> _WHAT IS NEEDED_: Where an image appears in the data, omit it and reproduce the rest exactly.

*** Opening COLLECTED MATERIAL ***

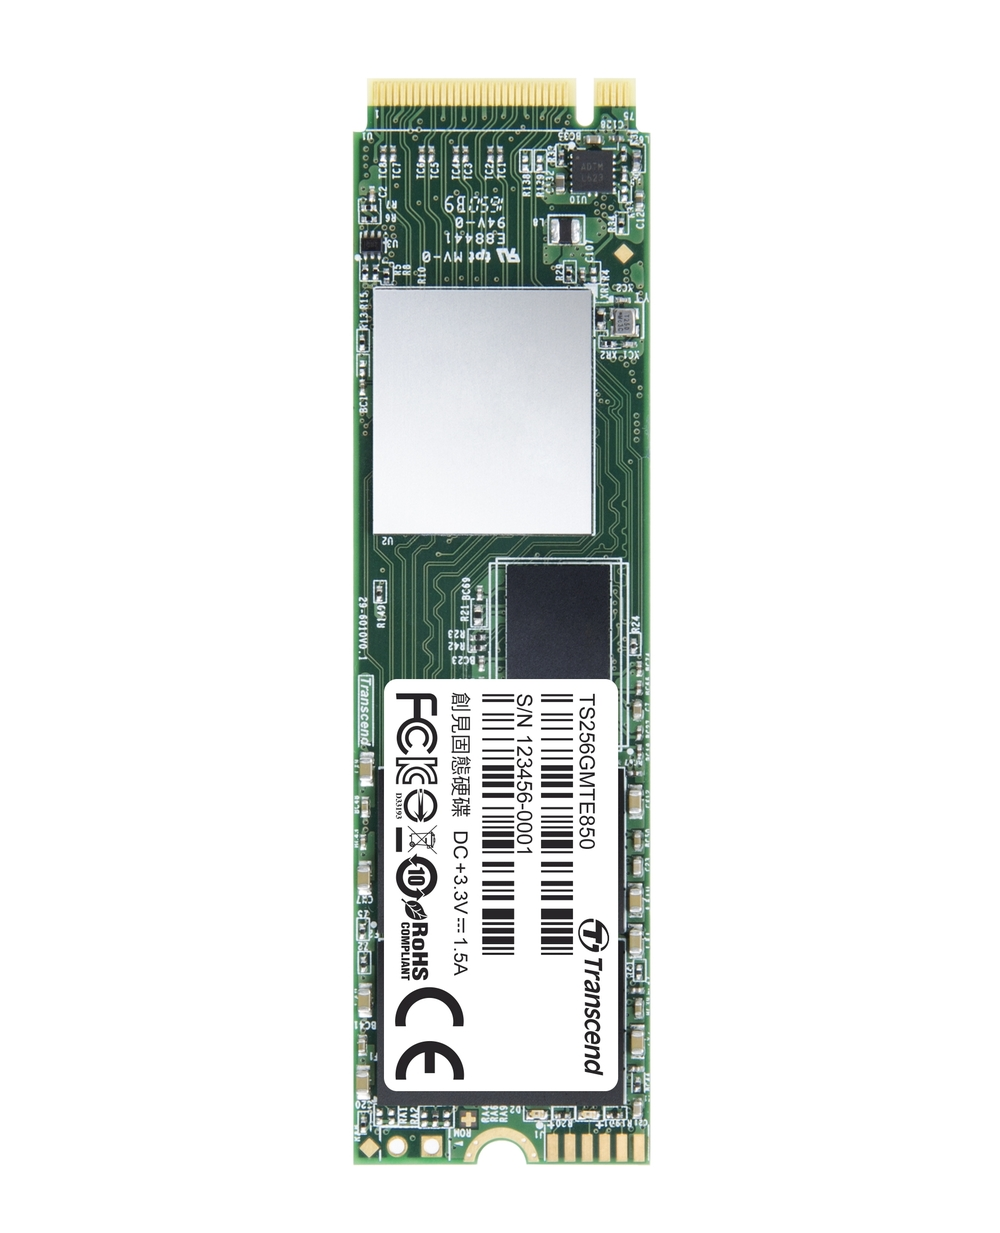 TRANSCEND MTE850 256GB SSD disk M.2 2280, PCIe Gen3 x4 NVMe 1.2 (3D MLC)
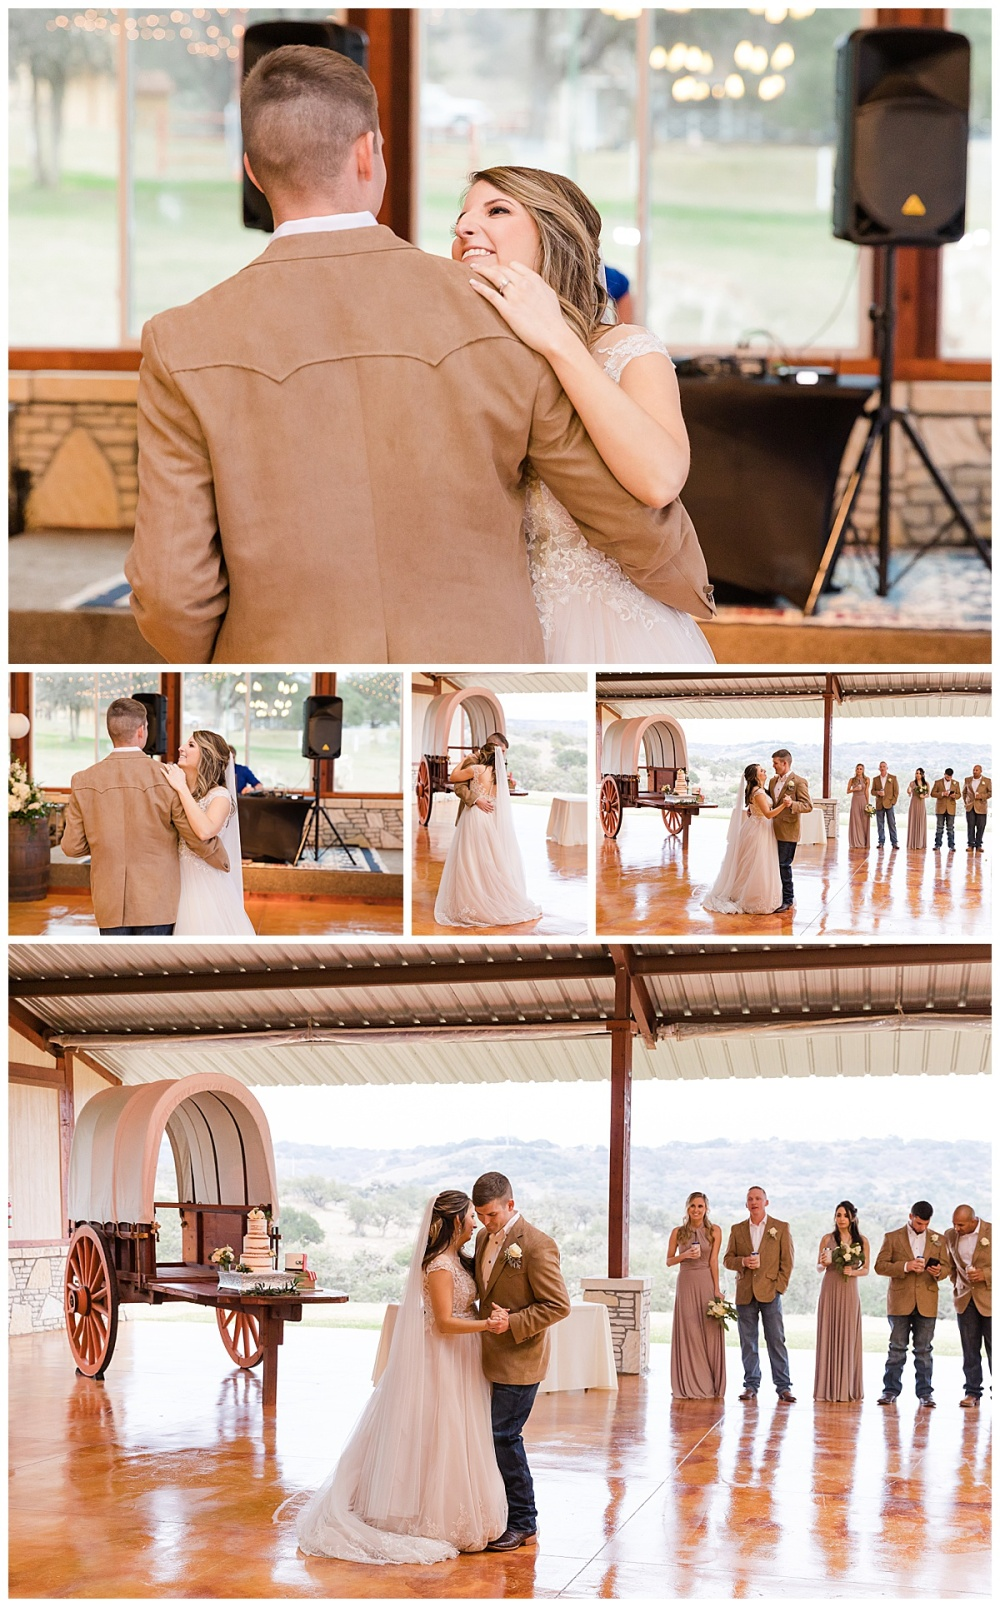 Wedding-Photographer-Texas-Hill-Country-Happy-H-Ranch-Comfor-Texas-Carly-Barton-Photography_0065.jpg
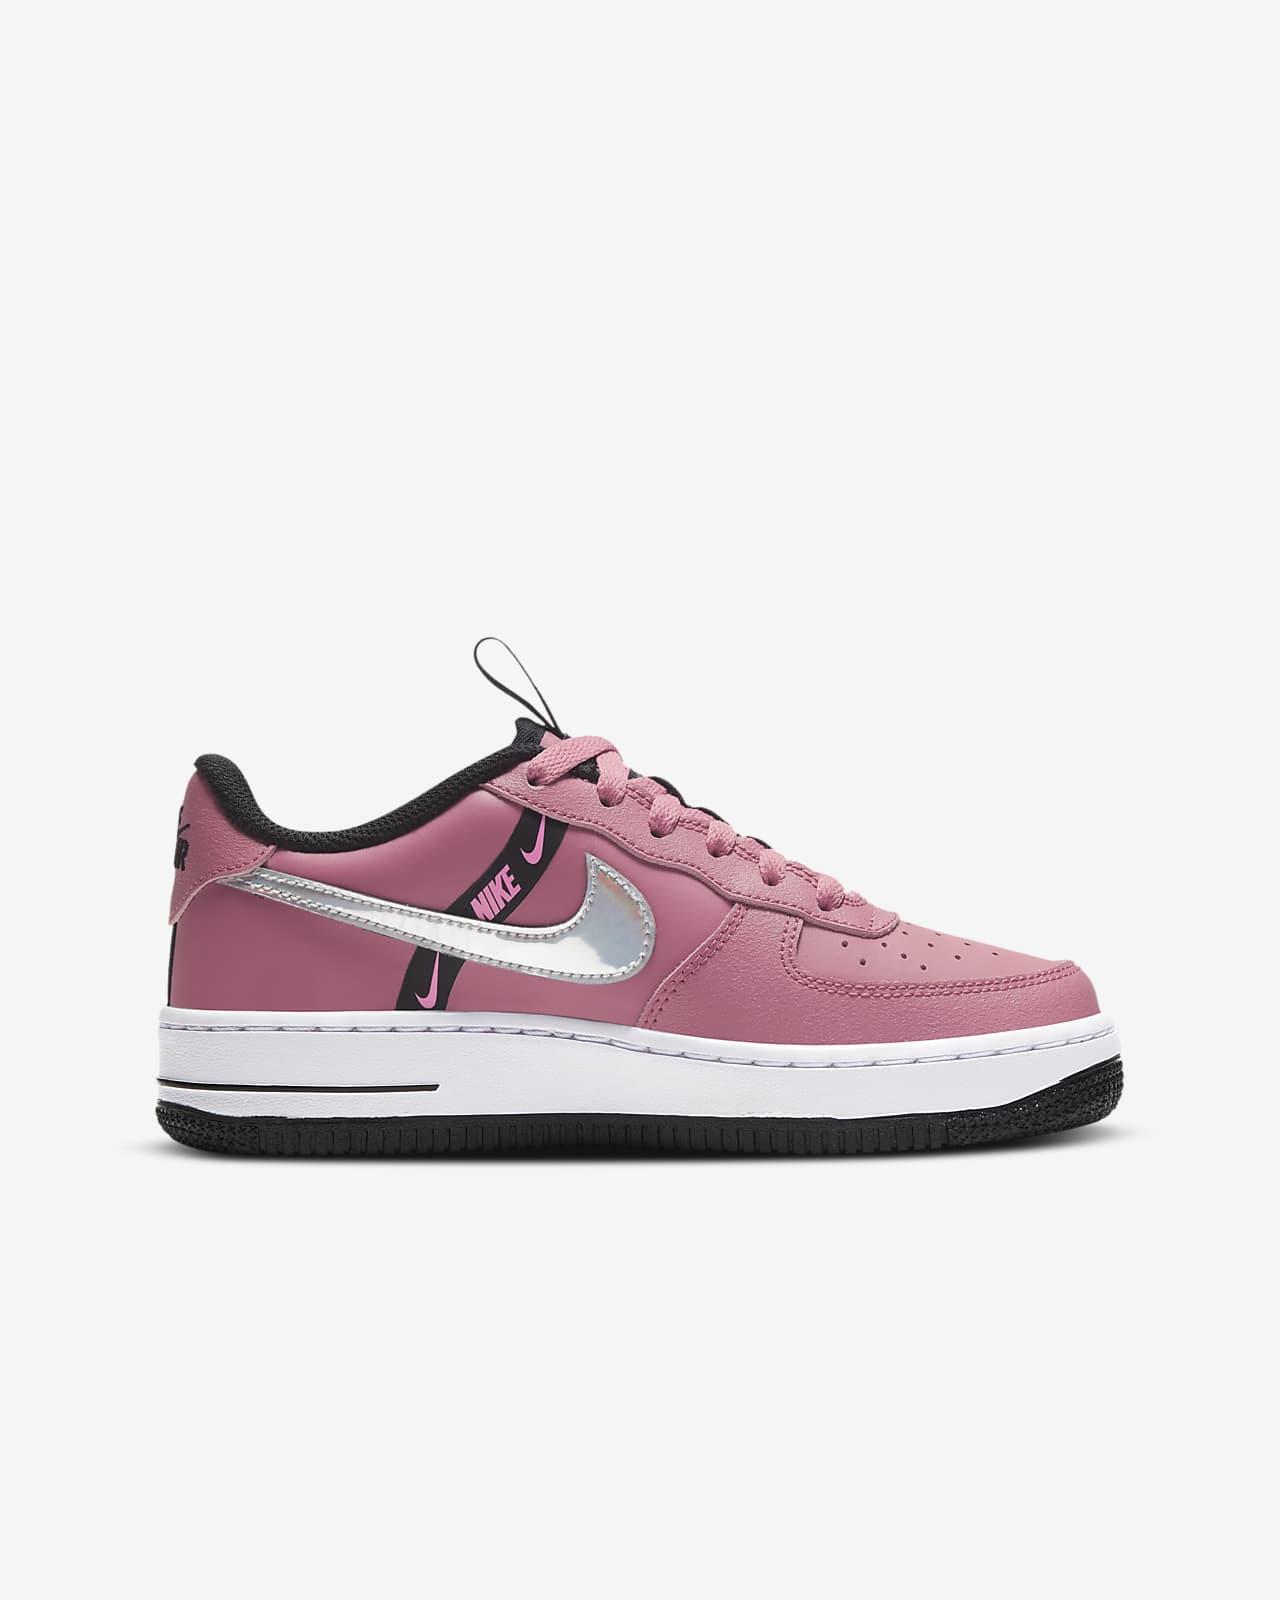 retorta crisis Horizontal  Nike Air Force 1 LV8 Older Kids' Shoe. Nike PH

*** Closing COLLECTED MATERIAL ***

> _YOUR SOLUTION_:
 TRANSCEND MTE850 256GB SSD disk M.2 2280, PCIe Gen3 x4 NVMe 1.2 (3D MLC)
 Wedding-Photographer-Texas-Hill-Country-Happy-H-Ranch-Comfor-Texas-Carly-Barton-Photography_0065.jpg
 retorta crisis Horizontal  Nike Air Force 1 LV8 Older Kids' Shoe. Nike PH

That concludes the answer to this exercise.